Cheat-Seeking Missles

Sunday, January 23, 2005

What's This Got To Do With Torture?

The LATimes ran about 50 inches of not entirely awful copy on the struggle to define torture. It seems to me that if the word "torture" hadn't been misapplied to the prisoner embarassment and harassment that went on at Abu Grhaib, we wouldn't have had to endure Boxer, Kennedy et. al. at the Gonzales and Rice hearings. Plus, we'd probably be gaining better intelligence, and we wouln't have to wade through 50 inches of LATimes-speak on the subject.

Two take-aways from the article:

First, the Administration points are more solid.
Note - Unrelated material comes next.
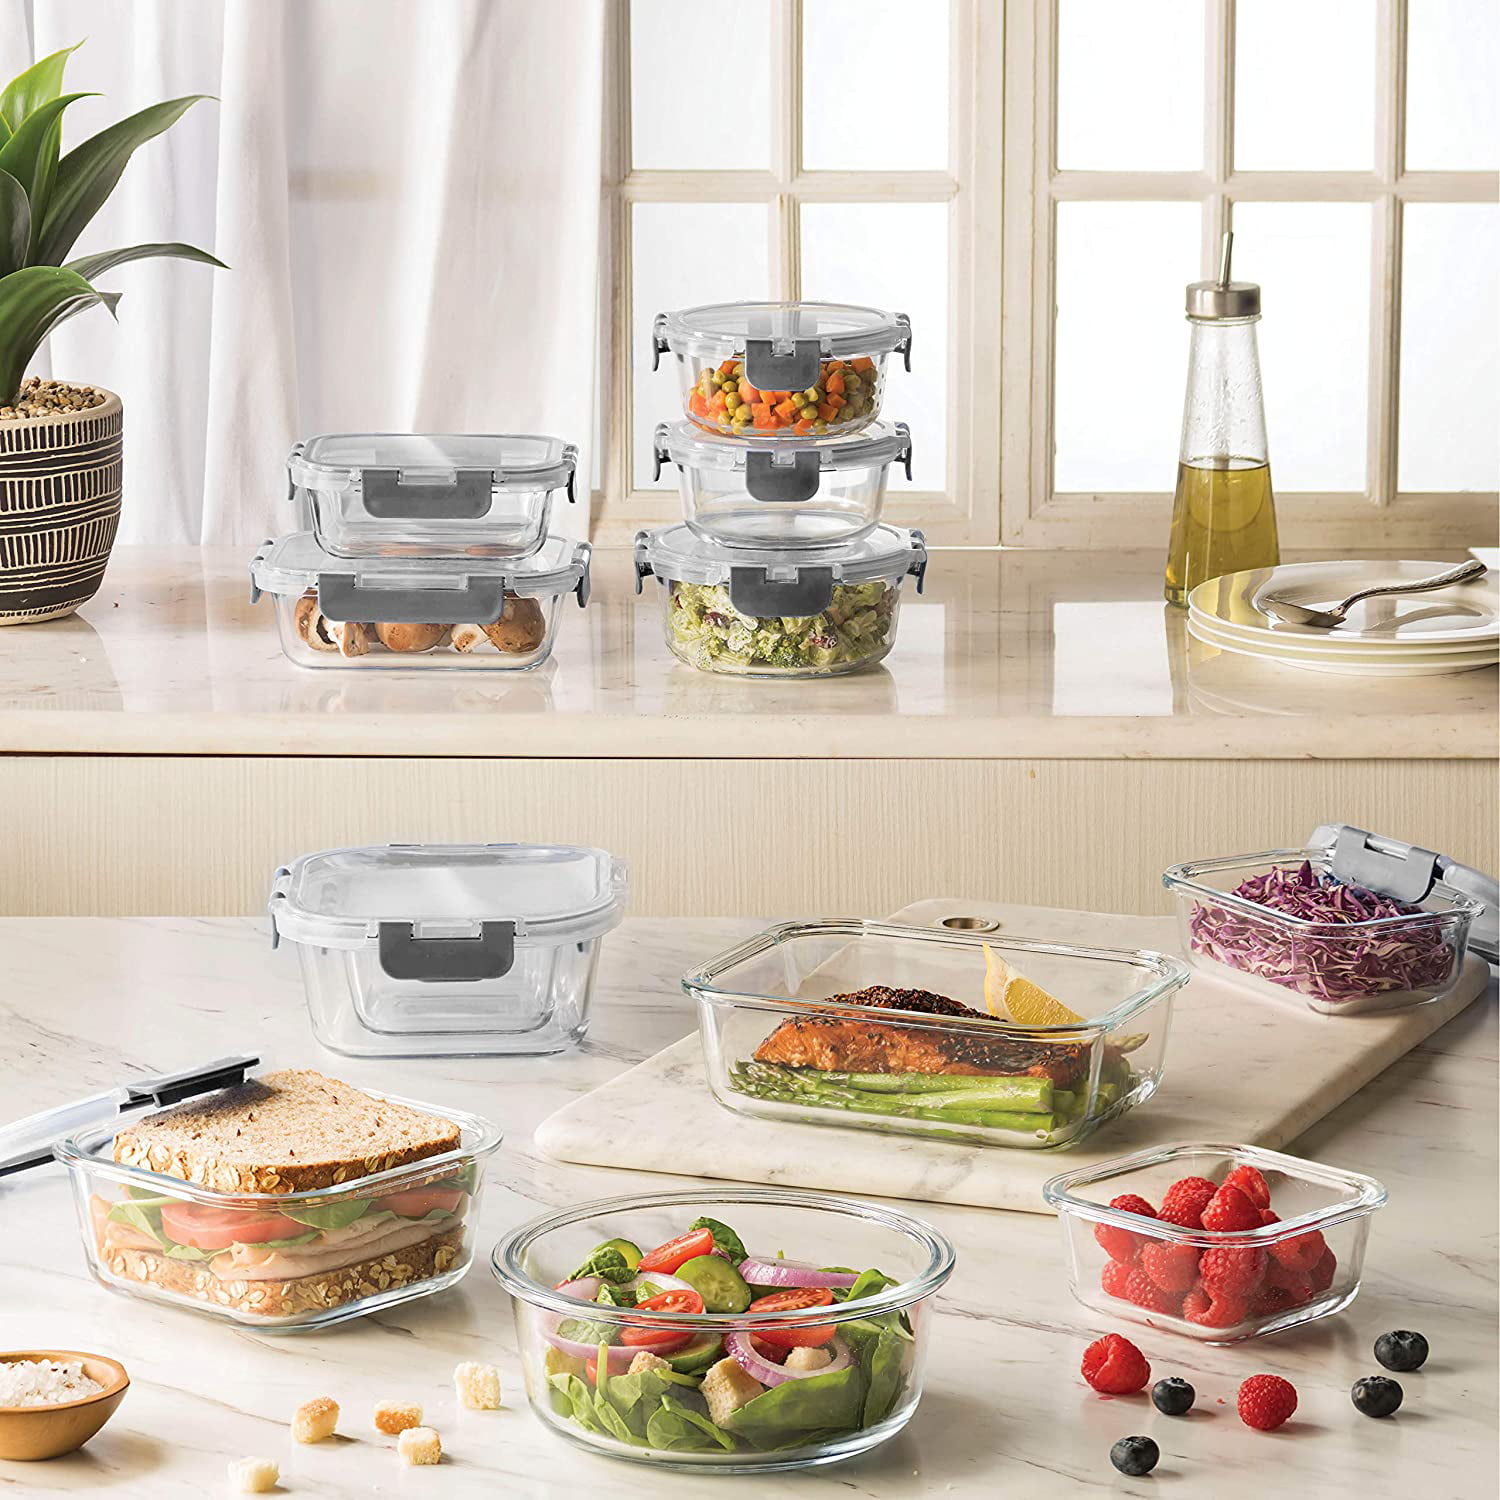 FineDine 12-Piece Superior Glass Food Storage Containers Set, 35oz Capacity  - Newly Innovated Hinged Locking lids - 100% Leakproof Glass Meal-Prep

Most Americans agree that it's important to get information out of these creeps and most also trust our troops not to be Saddam-Masochistic in the process.

Second, the media is biased. Surprise. How else can you explain the inclusion of the following paragraph quoting a group whose home page is splashed with anti-Gonzales content, without providing any additional clarifying information?

Human Rights First, a New York group, said more than 30 detainees had died in U.S. custody in Iraq and Afghanistan, although not all under the control of intelligence officers or as a result of interrogation.

That's it. It just sits there like a stink bomb, providing no relevant facts, and the LAT doesn't help a whit, leaving unanswered all the obvious questions: Did any actually die as a result of interrogation? Did they die of injuries received in combat? At the hands of other prisoners? Old age? The croup?

There is more to be gained by looking at who was quoted here -- the sort of extreme Lefty group MSM is so attracted to -- than what they actually said.